Phoenix scheduler outage

Summary: The Phoenix scheduler became nonresponsive yesterday evening and was restored at approximately 11:30 PM last night.

Details: Yesterday evening, the Torque resource manager on the Phoenix scheduler became overloaded, likely shortly after 7:30 PM. The PACE team restarted the scheduler and restored its function just before 11:30 PM last night.

Impact: Commands such as “qsub” and “qstat” would not have worked, so new jobs could not be submitted. Running jobs were not interrupted.
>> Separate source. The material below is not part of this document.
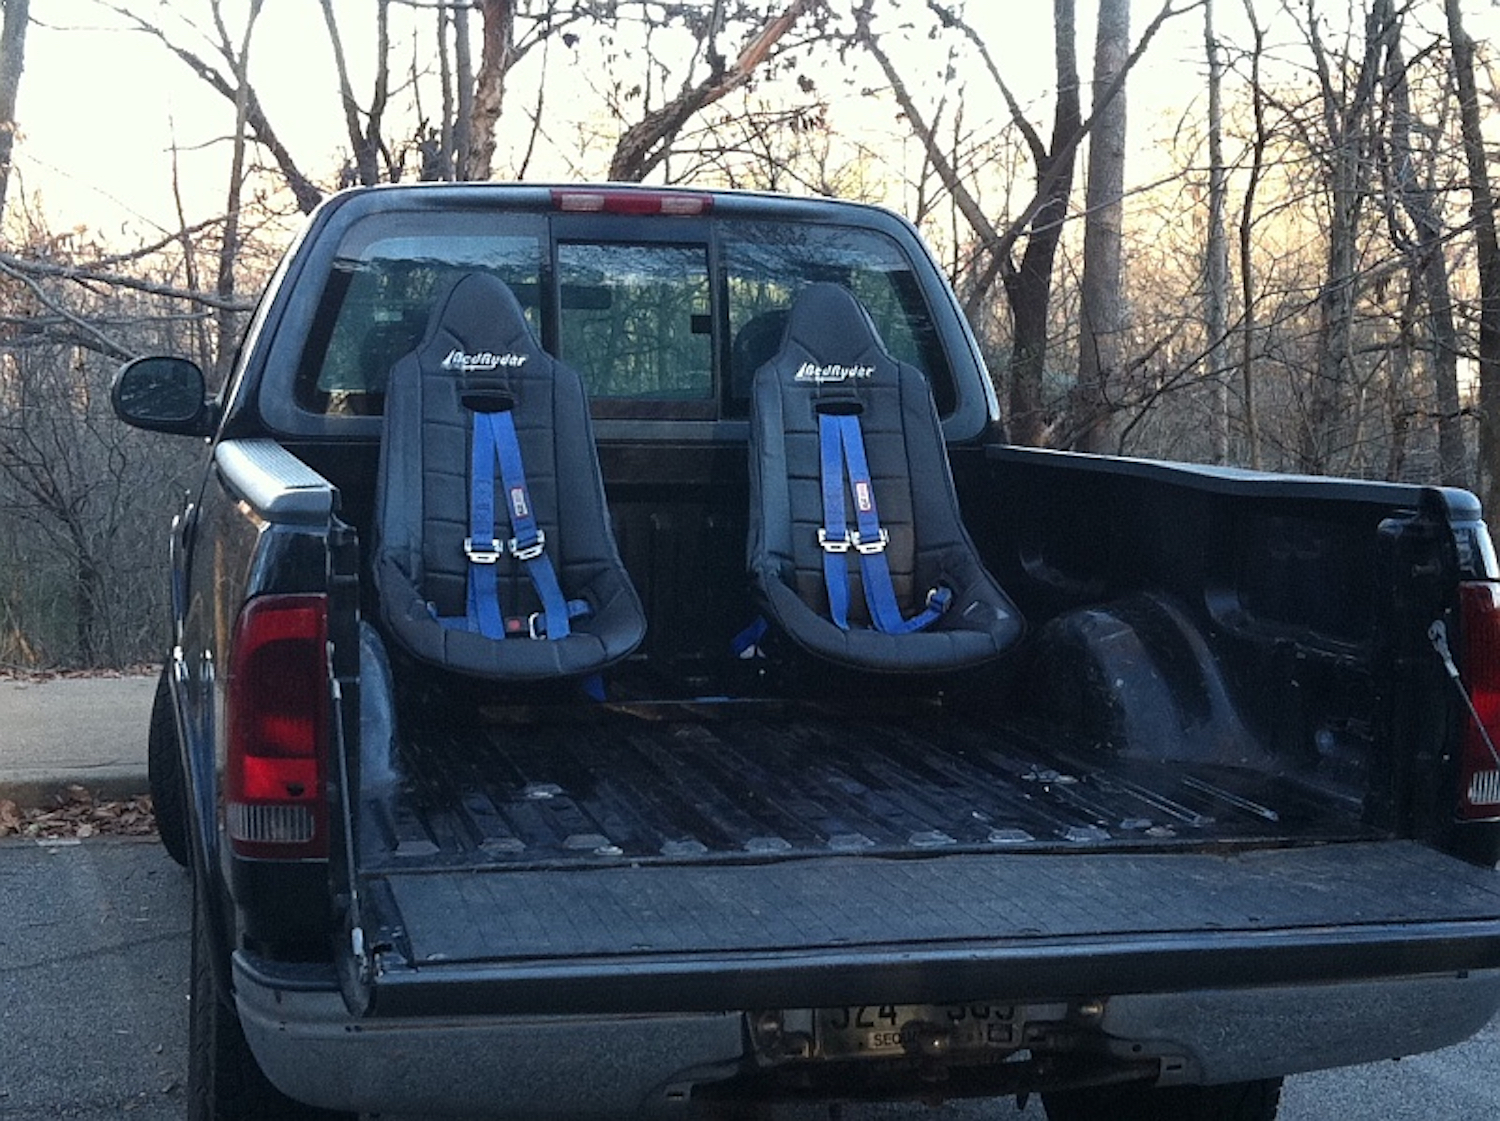 This pickup truck has been modified with BedRyder jump seats and seat belts to transport passengers in its bed, legally.

Thank you for your patience last night. Please contact us at pace-support@oit.gatech.edu with any questions.

Hive project & scratch storage cable replacement

Summary: Hive project & scratch storage cable replacement and potential for an outage

Details: A cable connecting the Hive GPFS device, hosting project (data) and scratch storage, to one of its controllers needs to be replaced, beginning around 11:30 AM Tuesday (April 26).

Impact: Since there is a redundant controller, no impact is expected. However, a similar previous replacement caused storage to become unavailable, so this is a possibility. If the redundant controller fails, your job may fail or run without making progress. If you have such a job, please cancel it and resubmit it once storage availability is restored. PACE will monitor Hive GPFS storage throughout this procedure. In the event of a loss of availability occurs, we will update you.

If you have any questions or concerns, please direct them to pace-support@oit.gatech.edu.

Launch of Open OnDemand Portal for PACE’s Phoenix and Hive Clusters

Dear PACE Researchers, 

We are pleased to announce the official release of the Open OnDemand (OOD) portal for PACE’s Phoenix and Hive clusters! OOD portal allows you to access PACE compute resources through your browser, and OOD provides a seamless interface for several different interactive applications, including Jupyter, Matlab, and a general interactive desktop environment. Each PACE cluster has its own portal, allowing access to all your data as usual with the Web interface. 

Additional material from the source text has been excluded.